The expression of CDH17 in the majority of GI cancer can be determined by immunohistochemistry (IHC). Approximately 100% of colorectal, 90% of gastric adenocarcinoma and 82% of esophageal adenocarcinoma express CDH17. A correlation between the level of CDH17 expression in CRC and the cancer stage I to IV is shown in FIG. 1-3.

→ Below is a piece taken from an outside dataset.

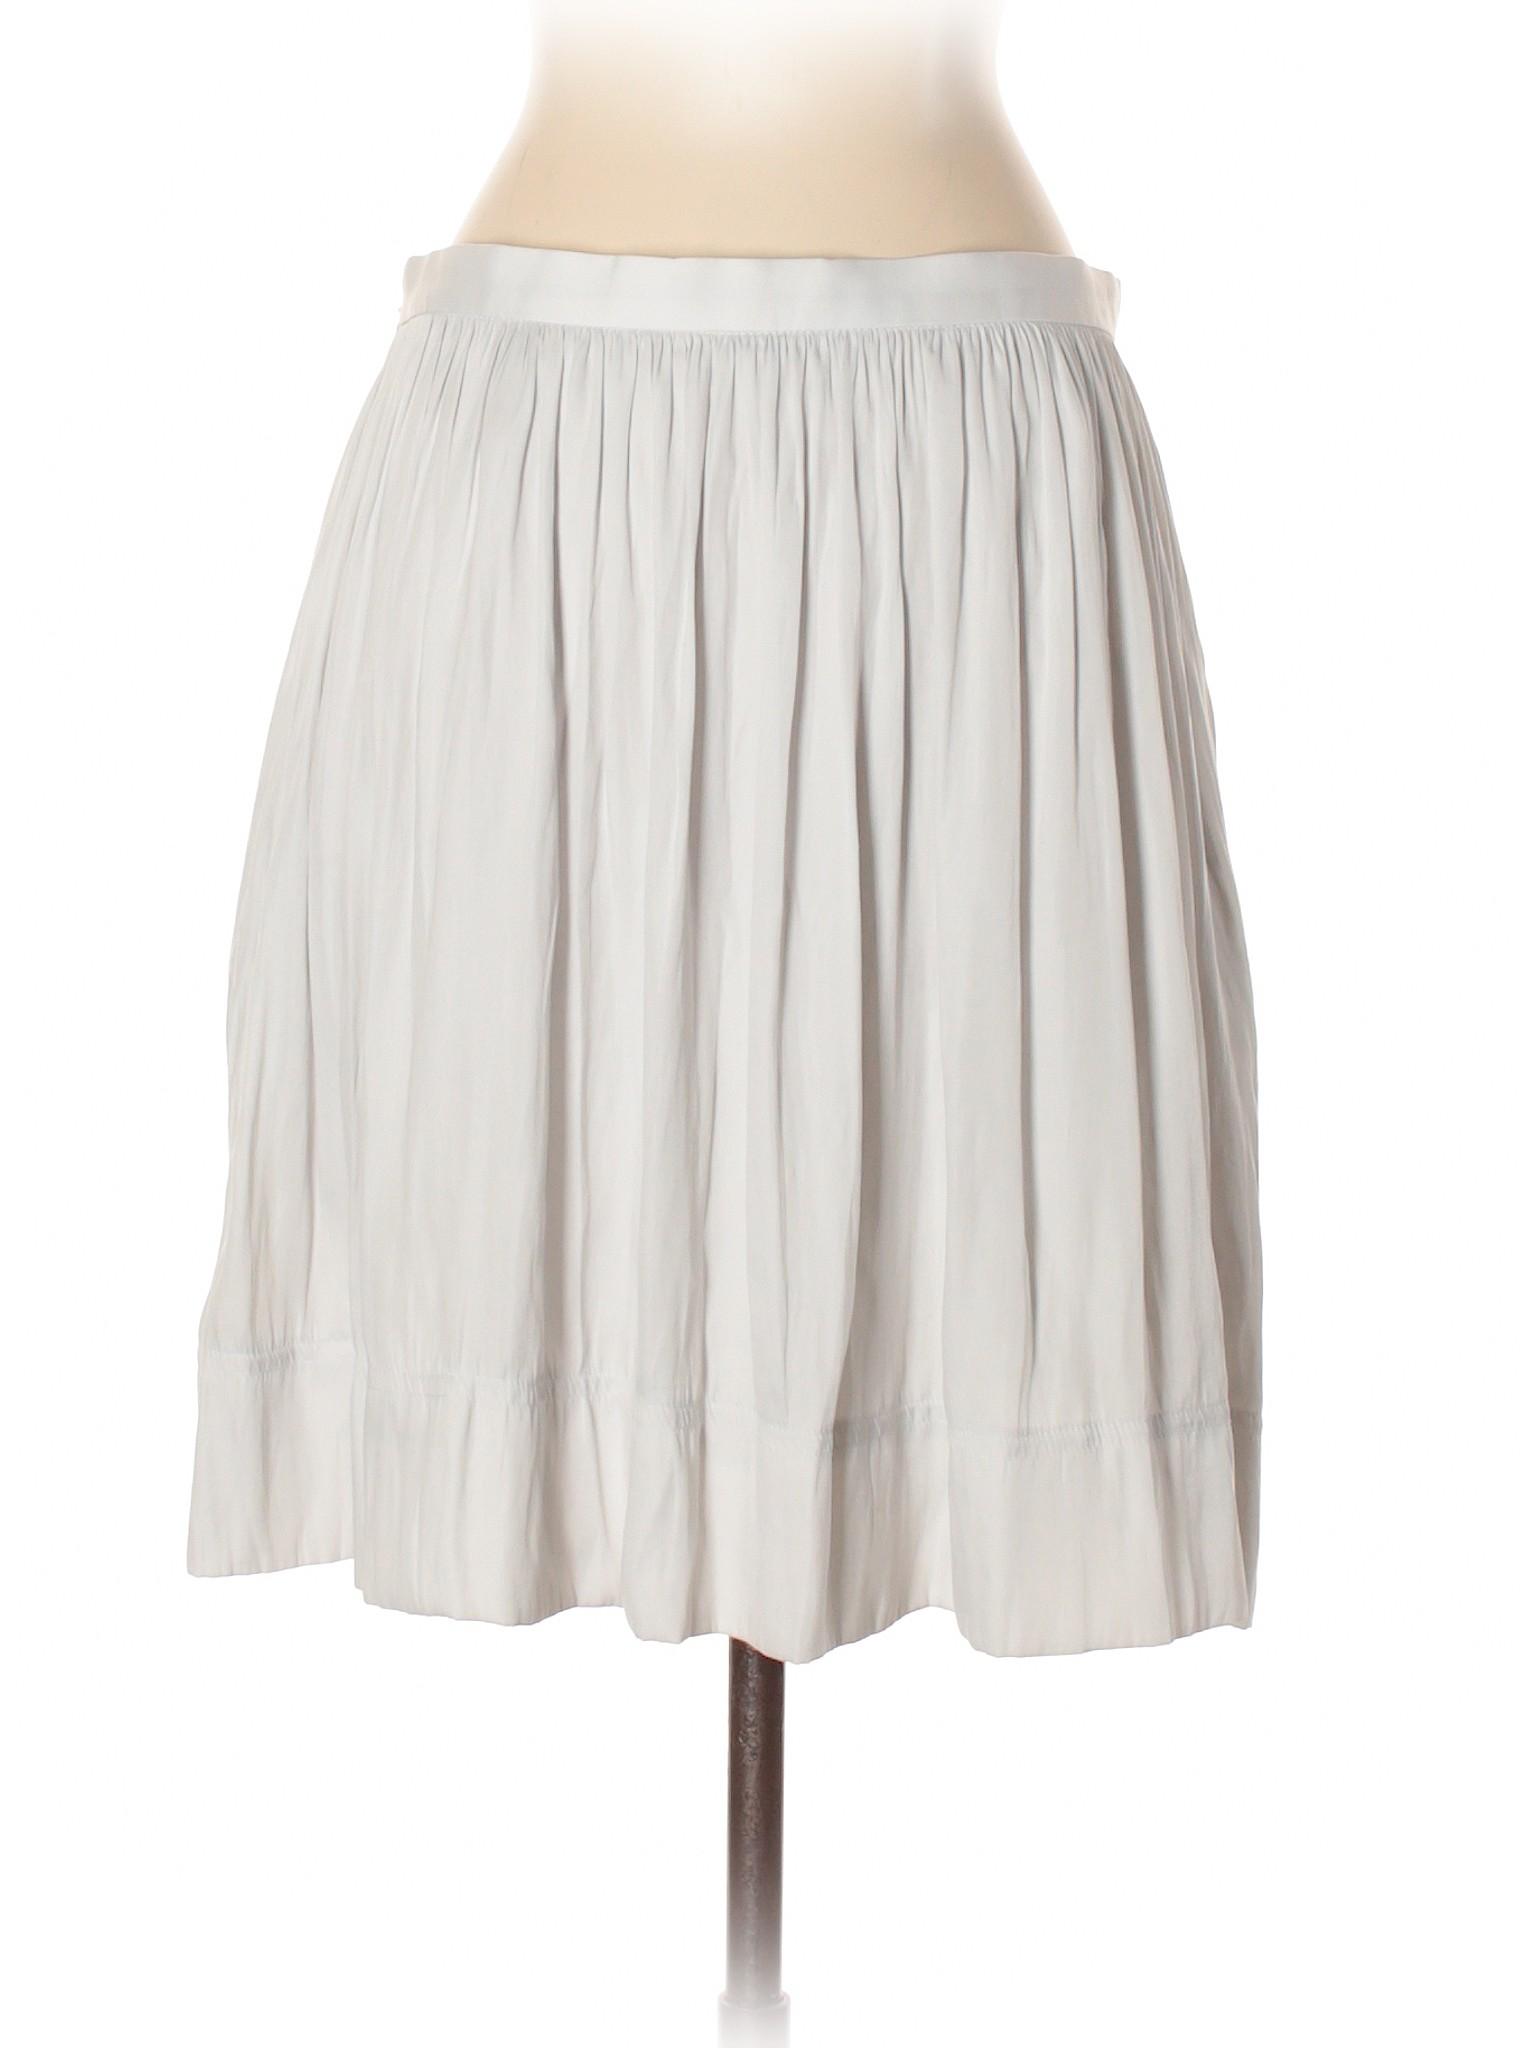 Casual Skirt Casual Boutique Boutique Casual Boutique Casual Skirt Boutique Casual Boutique Skirt Skirt nxaOzXX

The present disclosure relates to development of a sensitive and specific assay for CDH17 in blood. In one embodiment, the assay (s) disclosed herein are useful for clinical sample validation. Both cancer cell culture media and patient blood samples were used for development, validation, and optimization of assays. Both sCDH17 and CDH17EV were readily detectable from cultured cancer cell media (FIG. 4-5). However, the cleaved forms of sCDH17 and potentially CDH17 on EV membranes in cancer cell culture media or patient blood could be different, namely, partial CDH17 comprising one or more but not all epitopes. Thus, the emphasis is placed on identifying an array of antibodies that can capture all forms of CDH17 from patient samples.

Three platforms, proximity based chemiluminescence, ELISA and flow cytofluorometry as shown in FIG. 6, were compared to develop assays with the greatest sensitivity and dynamic range for sCDH17, CDH17EV, and total CDH17. Proximity luminescence has an advantage with a shorter assay time due to fewer steps. It also can enable very sensitive assays requiring very small analyte volumes (Yoshioka 2014). The assay captured sCDH17 and/or CDH17EV via immobilized CDH17 antibodies or LNP (specific for EV). Captured CDH17 were measured using functionally orientated non-competitive CDH17 antibodies (FIG. 8) or LNP (specifically detecting EV). An assay involving the purification of EV are avoided as this is challenging in clinical settings due to variable yield, processing time and costs (Contreras-Naranjo 2017). The most robust assay(s) are useful for clinical sample validation. In one embodiment, the assay developed herein quantitates CDH17 per volume of plasma/sera. The assay may serve as an early screen. Additionally, the assay may further incorporate analysis of EV DNA or RNA for relevant gene mutations and assessment of the CDH17 EV membrane proteins for tissue of origin.

The major steps for analytical validation include:

(A) Identify CDH17 Antibodies to be Used for Efficient Capture and Detection of CDH17.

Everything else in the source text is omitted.